[R-sig-Geo] Example of universal kriging with R/gstat in GRASS
Thomas Adams
Thomas.Adams at noaa.gov
Sat May 13 02:34:04 CEST 2006
Roger,
I have made considerable progress in what I was trying to do with gstat
& Universal Kriging using R. I was fortunate enough to find a detailed
example of what I was trying to do: http://spatial-analyst.net/RKguide.php.

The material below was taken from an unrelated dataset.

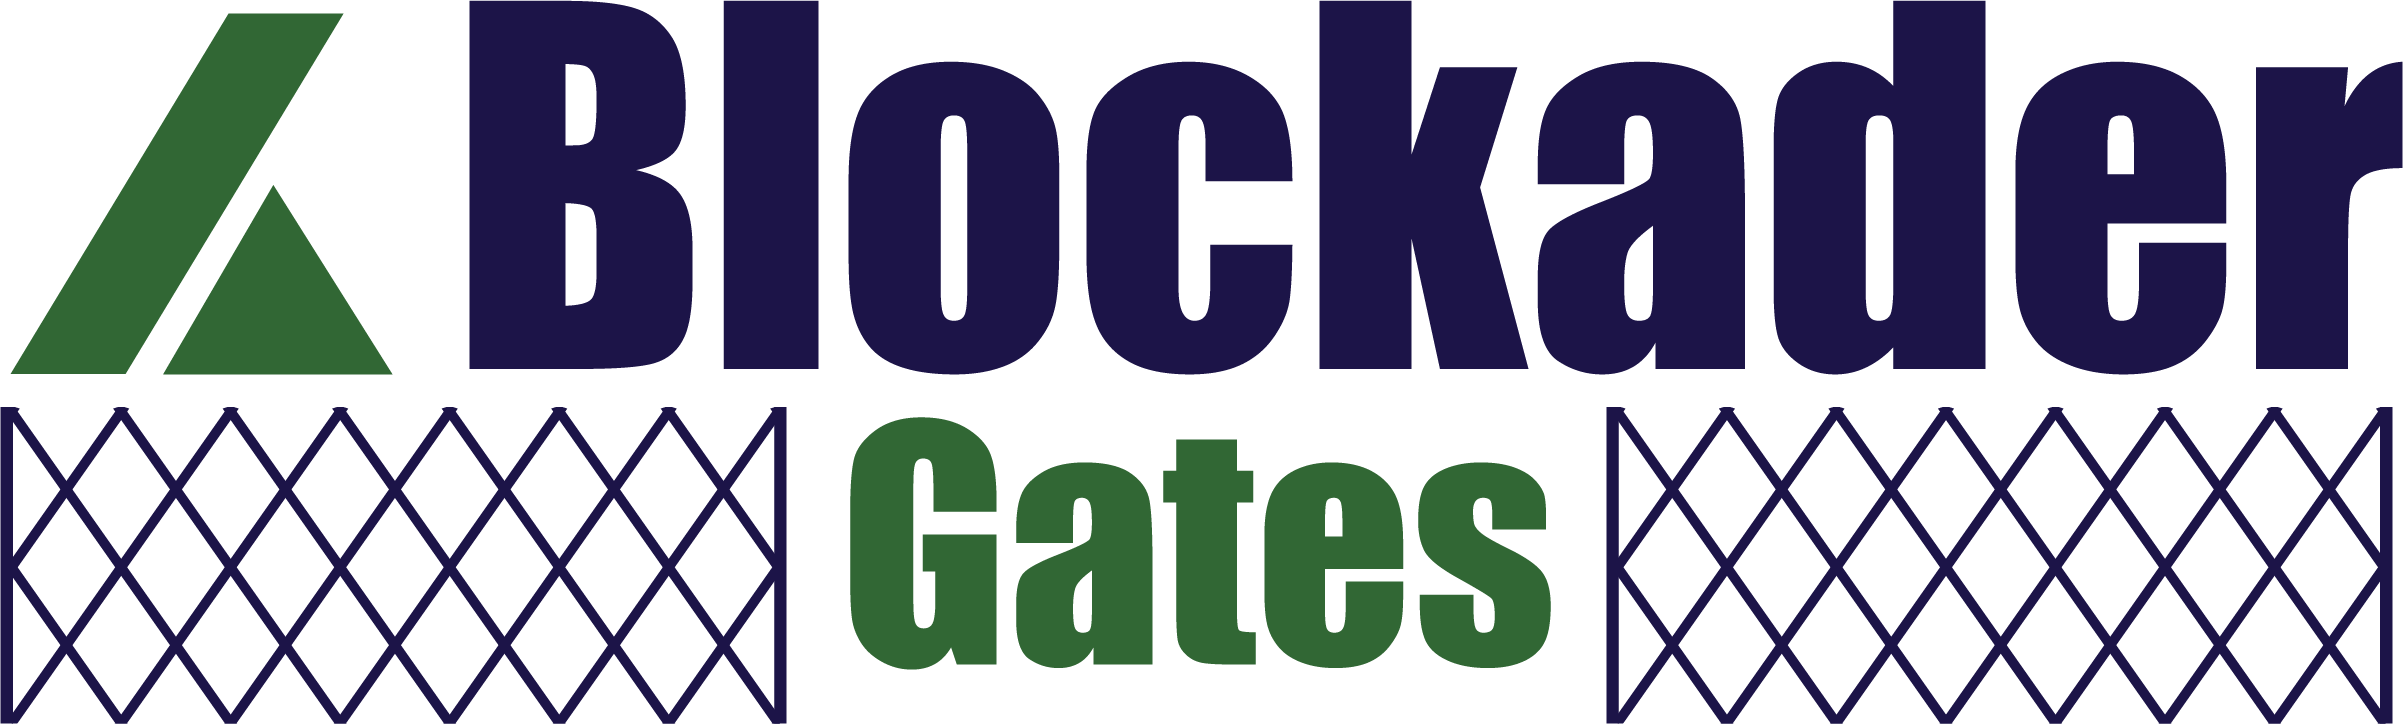 Blockader Gates Logo
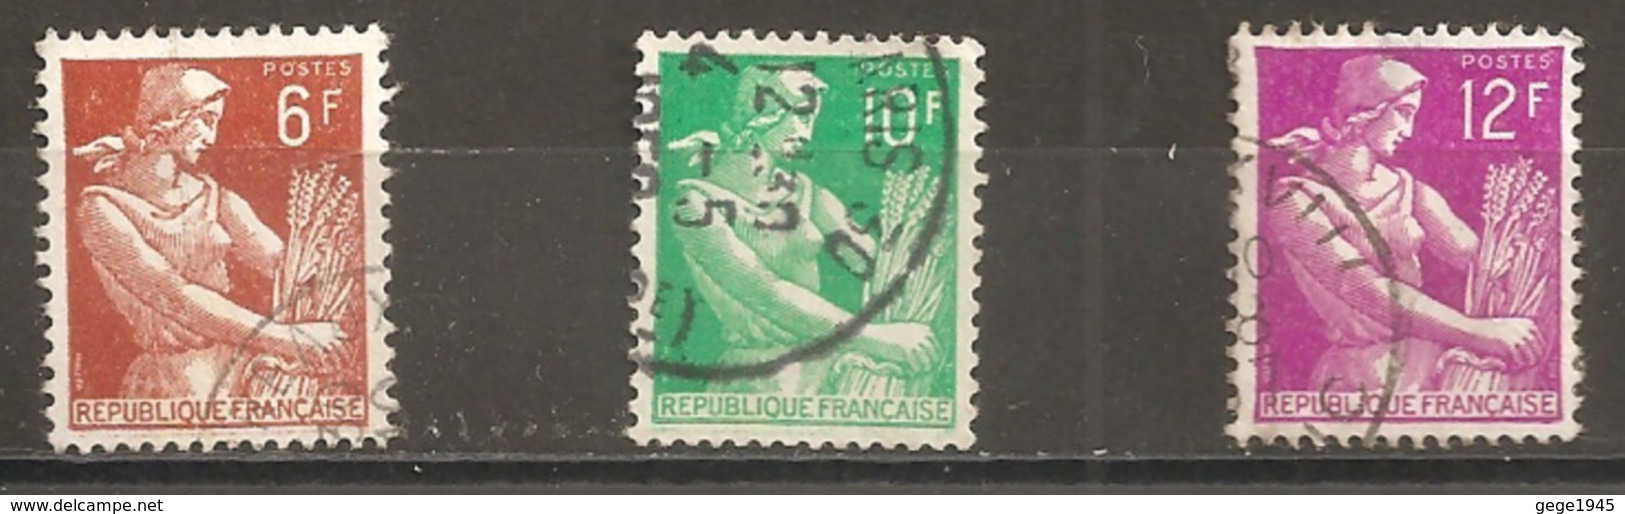 France 1957  Oblitéré   N° 1115  - 1115A  - 1116   -  Type Moissonneuse - 1957-1959 Oogst

I exported from GRASS my elevation grid, "gtopo30.dem", and temperature
point file, "temps.txt", to ascii files to assure I followed a parallel
path with my data.
So, with my data, following Tomislav Hengl's example, I have:
> temps<-read.delim("temps.txt",sep=" ")
> summary(temps)
cat lon lat z T name
Min. : 1.00 Min. :-90.05 Min. :35.82 Min. : 99.0 Min. :61.00 AGC : 1
1st Qu.: 31.75 1st Qu.:-86.63 1st Qu.:38.27 1st Qu.: 197.0 1st Qu.:64.00
AID : 1
Median : 60.50 Median :-84.06 Median :40.09 Median : 255.5 Median :66.00
ALN : 1
Mean : 60.37 Mean :-84.14 Mean :39.86 Mean : 314.2 Mean :66.83 AOH : 1
3rd Qu.: 89.25 3rd Qu.:-81.47 3rd Qu.:41.58 3rd Qu.: 360.0 3rd Qu.:69.00
AOO : 1
Max. :118.00 Max. :-78.32 Max. :42.49 Max. :1155.0 Max. :73.00 ARB : 1
(Other):110
X Y
Min. :-341460 Min. :-342057
1st Qu.: -53847 1st Qu.: -71919
Median : 163999 Median : 119784
Mean : 154474 Mean : 99916
3rd Qu.: 371950 3rd Qu.: 282632
Max. : 632335 Max. : 398186
> library(sp)
> dem<-read.asciigrid("gtopo30.dem")
> class(dem)
[1] "SpatialGridDataFrame"
attr(,"package")
[1] "sp"
> image(dem)
> points(Y ~ X, data=temps)
> class(temps)
[1] "data.frame"
> coordinates(temps)=~X+Y
> dem.ov=overlay(dem,temps)
> summary(dem.ov)
Object of class SpatialPointsDataFrame
Coordinates:
min max
X -341459.8 632334.6
Y -342056.9 398185.9
Is projected: NA
proj4string : [NA]
Number of points: 116
Data attributes:
gtopo30.dem
Min. : 115.3
1st Qu.: 196.9
Median : 245.4
Mean : 306.9
3rd Qu.: 331.0
Max. :1064.5
> temps$gtopo30.dem=dem.ov$gtopo30.dem
> library(lattice)
> plot(T~gtopo30.dem, as.data.frame(temps))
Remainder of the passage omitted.